Figure 1.--A German reader tells us that this school photograph was taken during the NAZI era in the 1930s, but we do not know where it was taken. It looks like it may have been Bavaria. We were surprised to see the German children wearing open-toe sandals in the 1930s.
NAZI schools were organized traditionally, as they continued the basic structure of primary and secondary education. We do not yet, however, have much information on the organization of these schools, ages, and policies such as academic selection. The NAZIs maintained the basic structure of German eduacation, but grafted on to it Party schools to train the future generation of leaders. There were special NAZI Party secondary schools for chosen children. There were also post-secondary Party schools. The German educational system from top to bottom was geared to the political requirements of the NAZI regime focusing on inoculating German children and youth with totalitarian, xenophobic, and anti-semetic concepts.
The NAZIs maintained the basic educational structure established in the Weimar Republic. The Reichstag in 1920 passed a law providing for compulsory education of all children between 6 and 14 years of age.
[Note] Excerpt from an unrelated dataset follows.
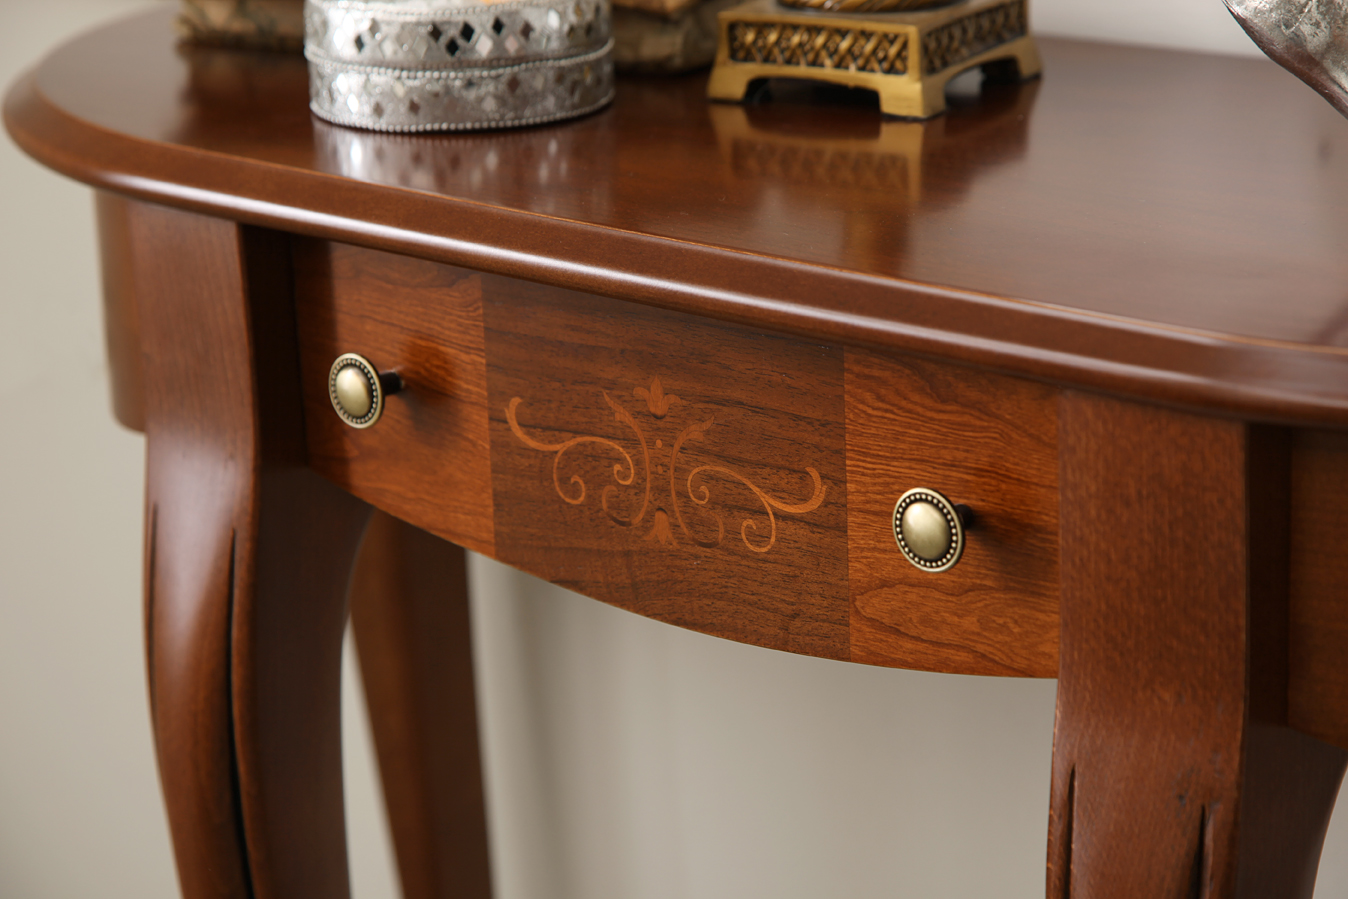 Charming finishes and ornaments for bringing elegance & refinement to your hallway décor

Children attended the Grundschule (Foundation School). Advanced primary education was provided by the Volksschule (People's School). The NAZIs did not alter this basic syructure, but used primary schools as a forum for Party propaganda. Instilling young, impressionable minds with NAZI ideology was crucial to ensure acceptance of these principles as adults.
The NAZIs maintained the basic structure of German secondary education inherited from the Weimar Republic. There were three categories of state secondary schools which offered a total of up to 9 years of instruction. The best known was the Gymnasium which offered a classical curriculum. The other two, the Real-Gymnasium and the Oberrealschule, offered a curriculm giving greater emphasis to the sciences and utilitarian courses. The NAZIs while not changing this basic structure, added new schools that were designed to train the future leaders of the Third Reich. Two new types of secondary schools were created.
The first was Nationalpolitische Erziehungsanstalt (NPEA or NAPOLA) schools. The second was the Adolf Hitler Schools. The difference between these two schools is not altogether clear and sems in part to reflect the intermable beureaucratic infighting so prevalent in the Third Reich.
The NAZIs inherited 25 universities from the Weimar Republic, including siome of the most prestigious institutions of higher eduvation in the world. After graduating from secondary schools, qualified German students could attend university. The NAZI introduced a mandatory labor service. University amission required a racial test. Jewish prodessors were almost immediately dismissed and Jewish students soon also excluded from the university. I believe Mischling were generally excluded from secondary schools so had little opportunity to attend university. Students whose parents were involved in pre-1933 political activity oposing the NAZIs might also be excluded unless they redeamed themselves in the Hitler Youth. The NAZI Party also established new elite educational facilities for leadership training.